I’m not the first person to point out that in terms of the first vector, there is a decided lack of positive enthusiasm in favor of the Democratic nominee this year. But if this were a race of simply which side has the worst negs, Hillary Clinton would probably still cruise untouched to the winner’s circle in November. It’s only by understanding the positive forces at work here (positive from a purely non-ideological political strategy point of view, that is; ideologically I don’t see much, if anything, positive in Trump’s campaign) that it’s possible to see how the gap narrows and where the danger lies.

So let’s look at Trump’s likely voters and their level of motivation.

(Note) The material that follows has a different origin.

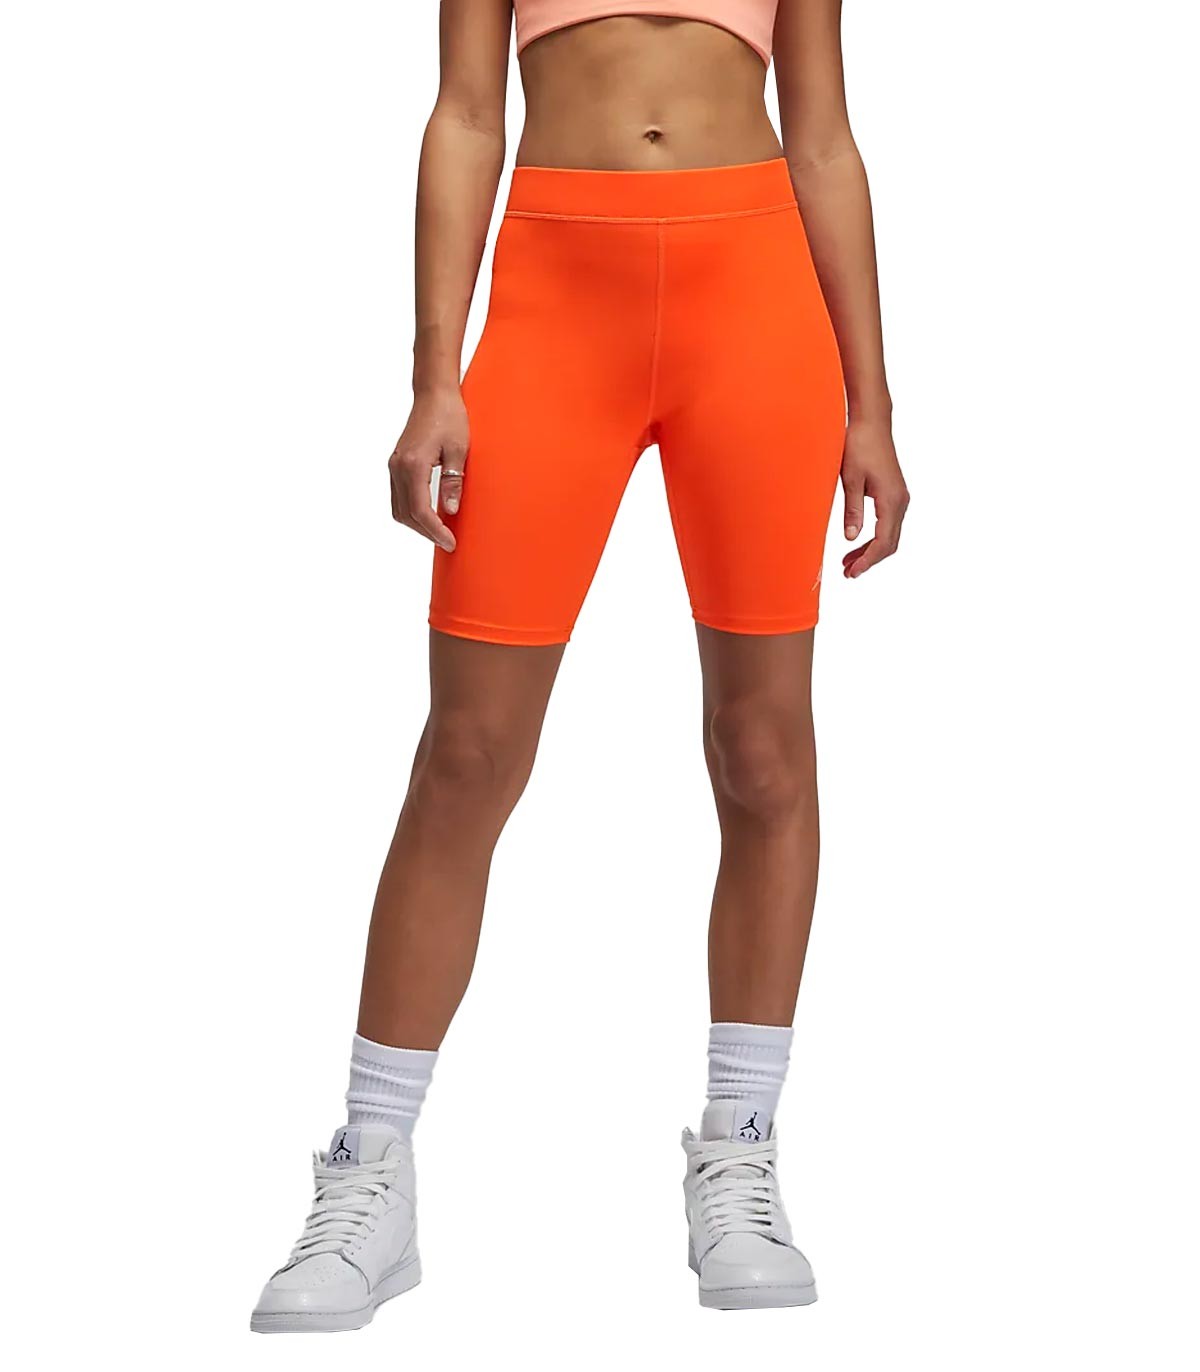 Jordan - Leggins Corto con Logo - Naranja

Who are they? Well, a heaping portion of them are the exact same slice of the electorate that the Democratic Party has been disengaging from since the 70s, about the same time these folks’ incomes started to flatline. I’m talking about the white working class and their economically downtrodden brethren, in solidarity with which the party of FDR used to proudly stand.

It is the kind of people who are, to cite one of many examples, squeezed by so-called payday lenders–you know, the industry donating to and being looked after by former DNC chair and now honorary Hillary Clinton chair, Debbie Wasserman Schultz through favorable legislation so they can continue their usurious lending practices against the working poor. But that’s just the microcosmic metaphor. If you want to fully understand the very real extent to which the Democratic party has abandoned this group of American voters, Thomas Frank’s new book Listen, Liberal, is a must-read. You can sample a slice which ran not too long ago in Harper’s here. Even if you have no doubt this is the case and you think you already understand, read it anyway.

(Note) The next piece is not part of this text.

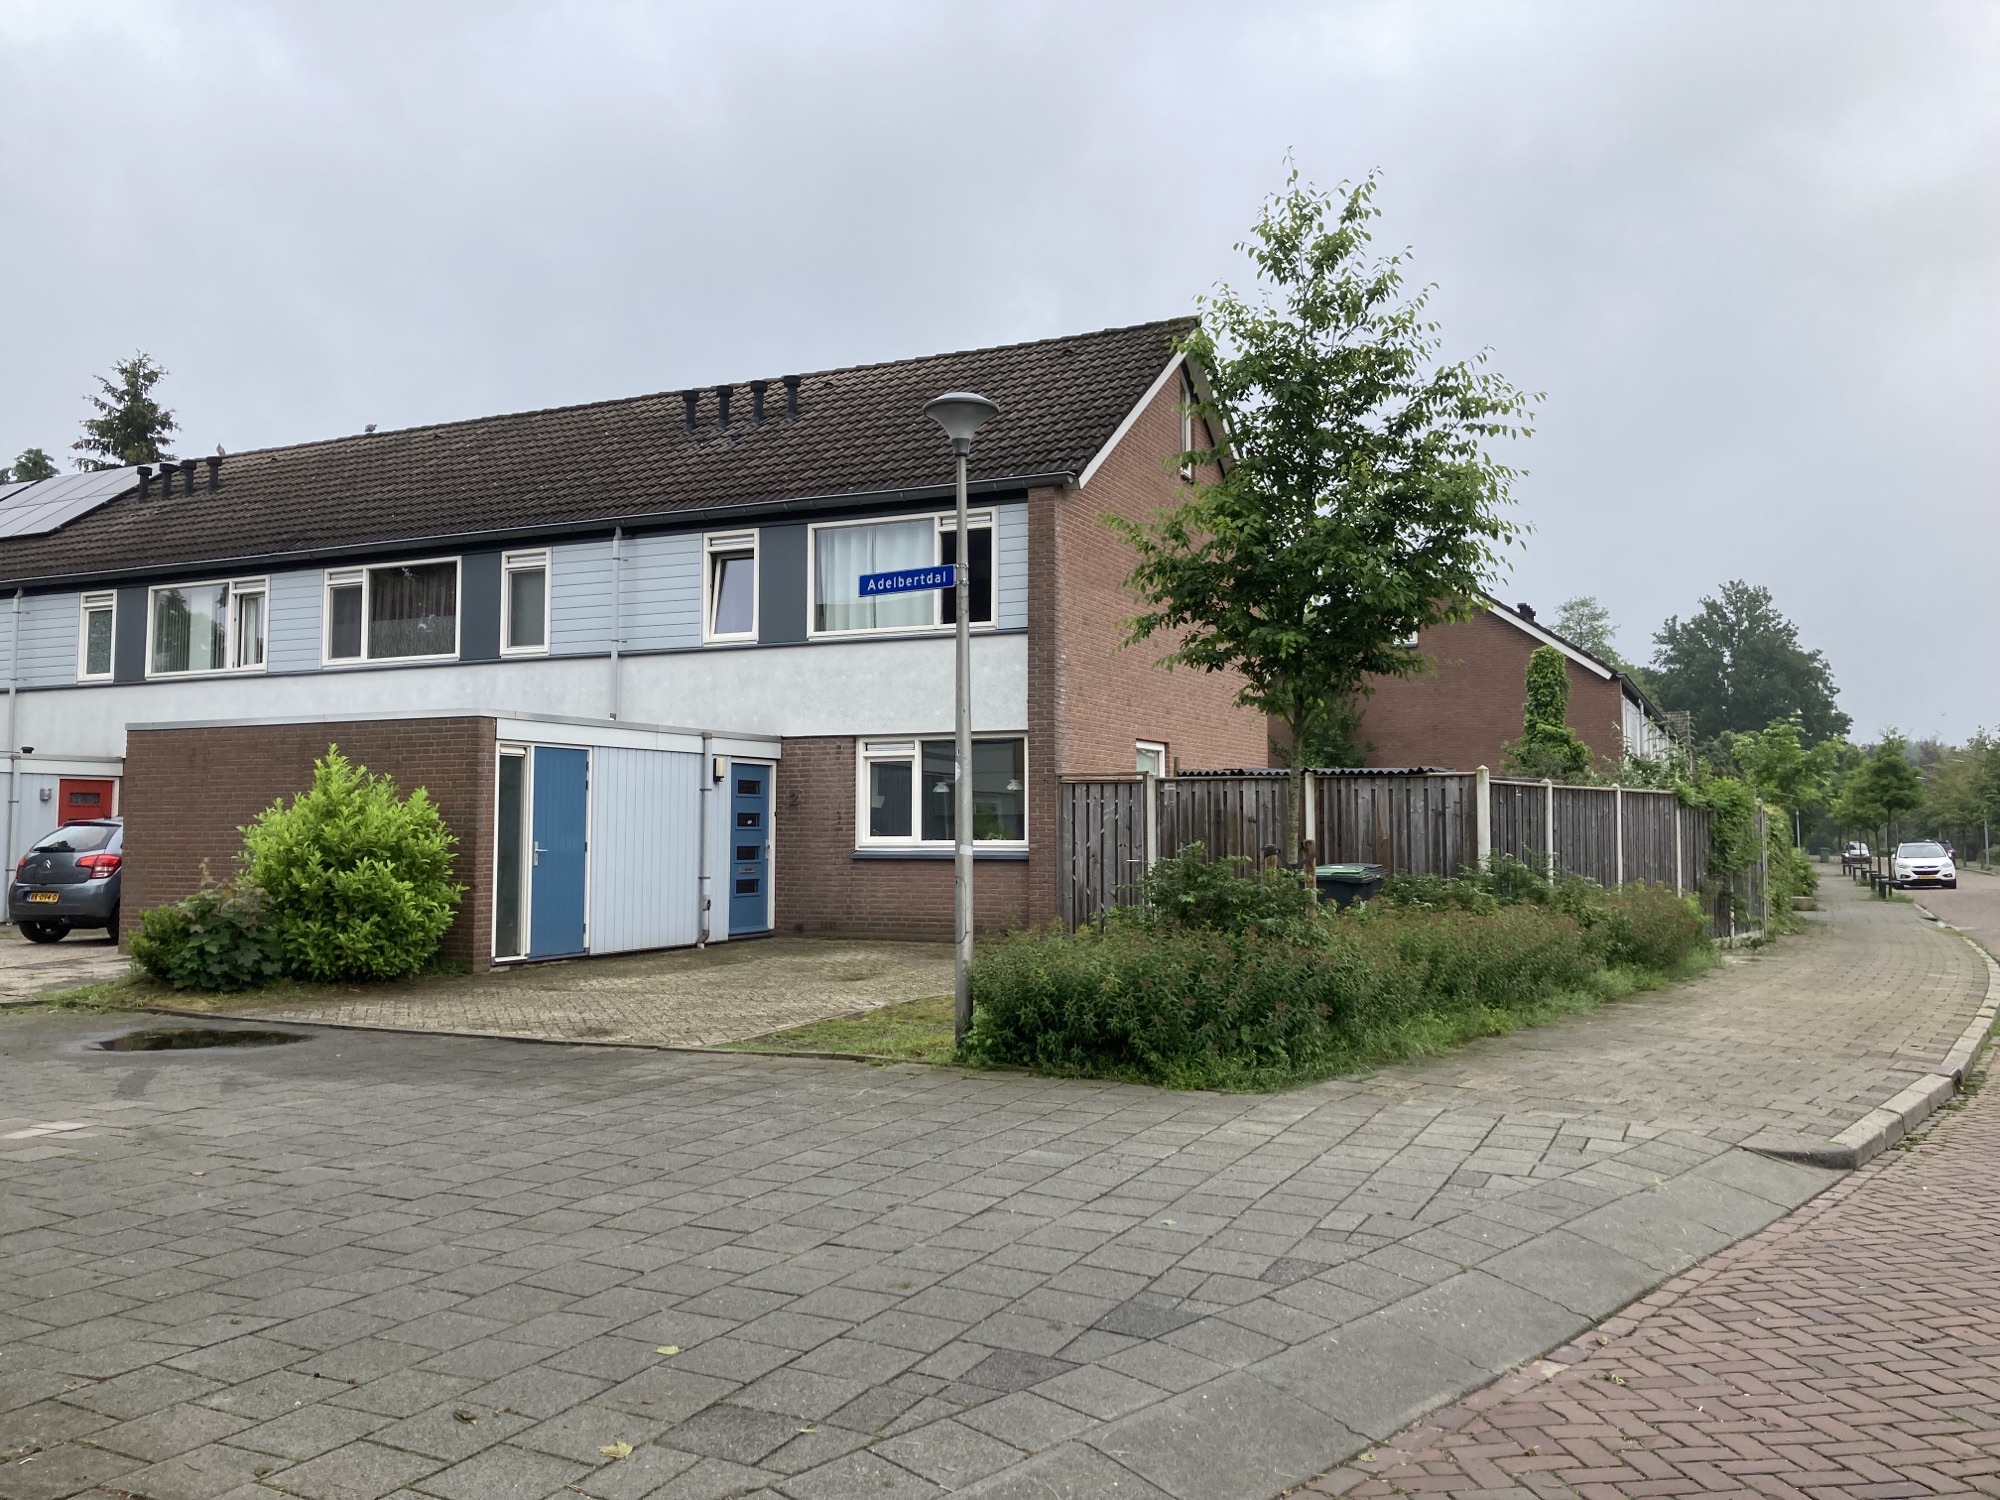 Adelbertdal 2, 5551 CL Valkenswaard, Nederland

In short, Trump’s base is a group of voters whose problems are no longer front and center for the Democratic establishment (and haven’t been for awhile), to whom the Democratic party no longer speaks and for whom Donald Trump’s convention speech was, largely, written and delivered.

If you don’t think this is a motivated group of voters, think again. Trump just raised 80 million dollars last month–almost as much as Hillary–mostly through Bernie-sized contributions. And media coverage of that fact will produce the same Bernie-effect, namely fuel even more small dollar gives. This is a segment of the electorate that is pretty much out of reach for Hillary Clinton, because of both her own and her party’s sins, and one that Donald Trump has yet fully to mine. Many of them have gone from unregistered voters to likely voters.

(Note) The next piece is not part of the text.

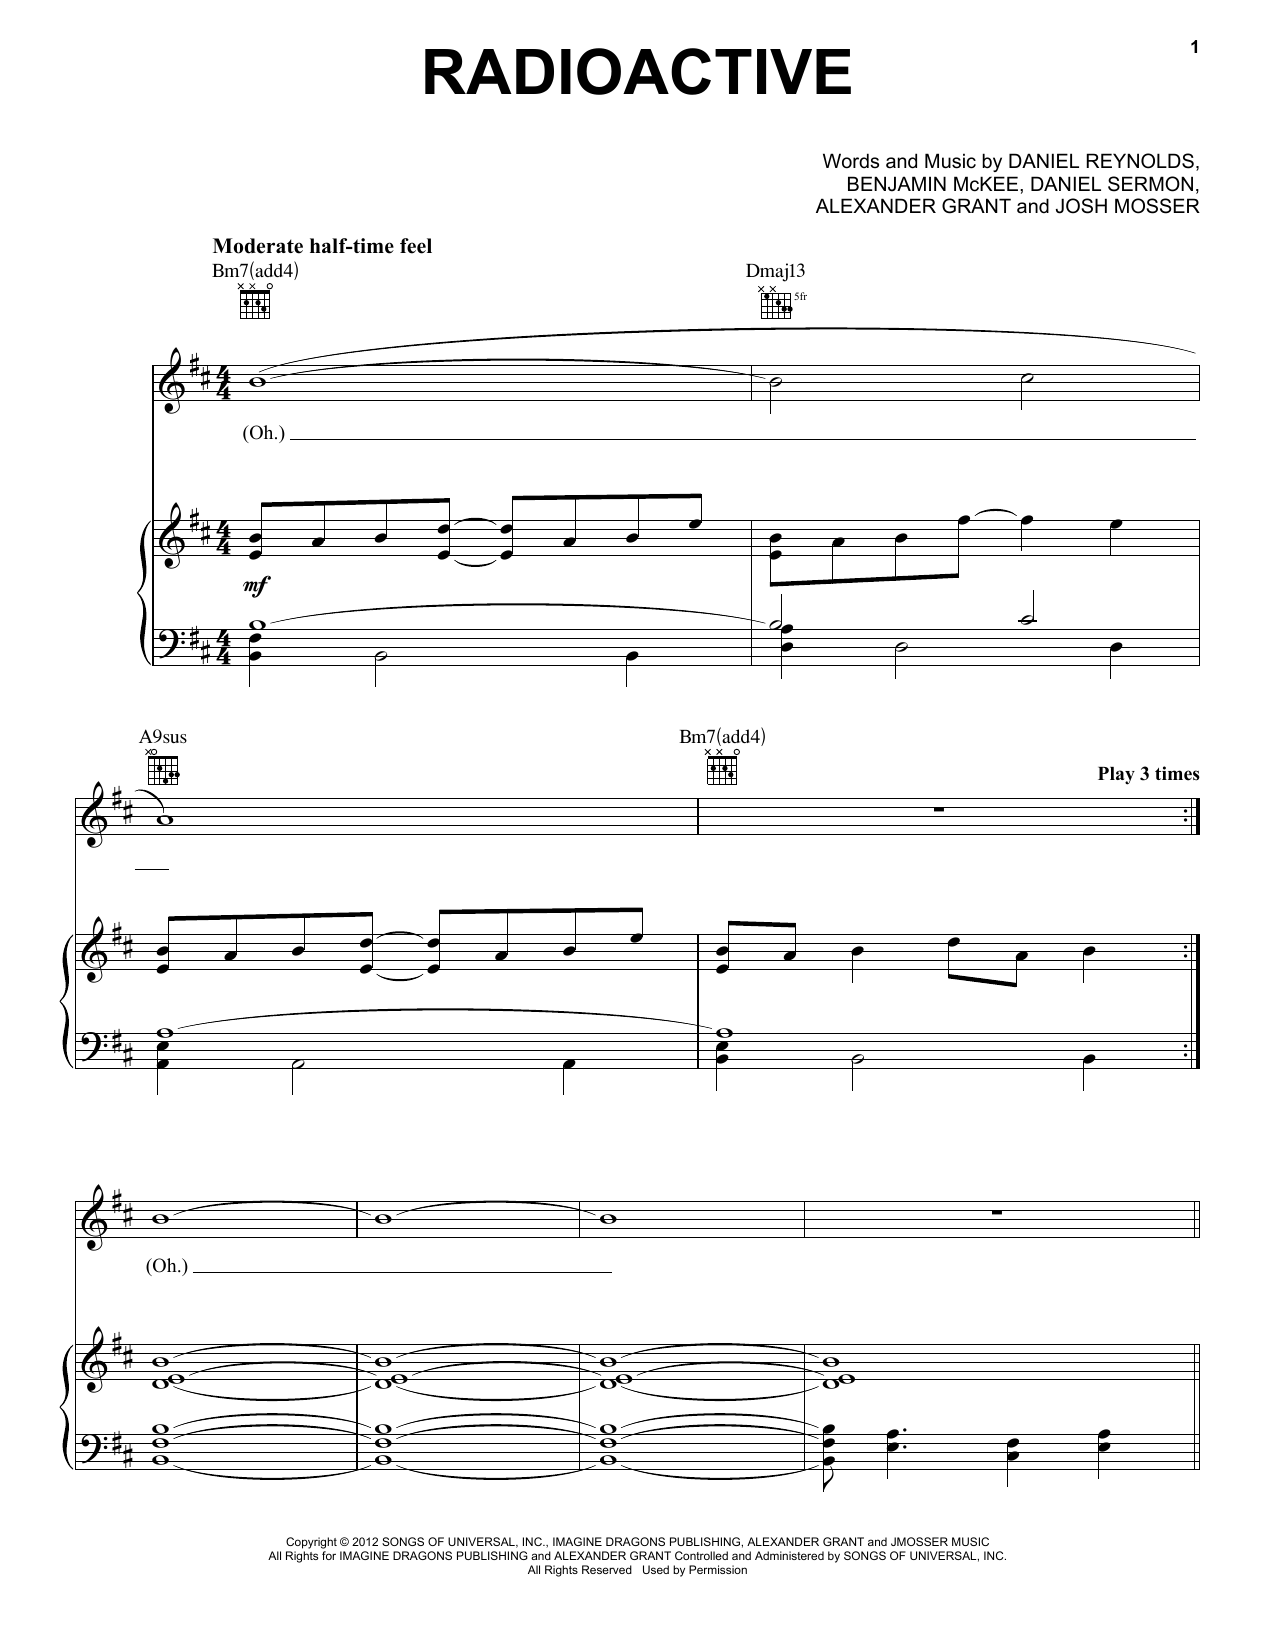 Imagine Dragons Radioactive Sheet Music Notes & Chords for Guitar Ensemble - Download or Print PDF

Now imagine that come September, Trump manages to shed his narcissistic, ADD egomaniacal (emphasis on maniac) self just enough to get back to the message of his convention speech for the following eight weeks. The one where he talks about the disintegration of manufacturing jobs base at the hands of Democrat-pushed and Democrat-blessed trade deals, where he vows to be the voice of this increasingly economically desperate slice of America; the one where he offers them, you know, hope. That my friends, becomes one inspired group of voters, true believers.

Regardless, this election is fated to be much closer than it is now because that’s what our elections do these days; and no one ever went broke overestimating the appetite of Americans for candidates with overly simplistic, unnuanced worldviews. Will Hillary win? My answer is still, yeah, most likely she will. But if Trump manages to find his voice again, many more nails will be bitten between now and then than you could ever now imagine in these days of large Hillary poll margins.

The good news is that what most prevents Trump from doing what he needs to do to get closer and win (i.e. be doggedly on message) are his truly, very real psychopathological disorders; and pathologies are hard things to shake. No matter where he goes or how fast he runs, there he is. This and a superior Democratic organizational effort (the second determinant above), an advantage which they now have, can save the day.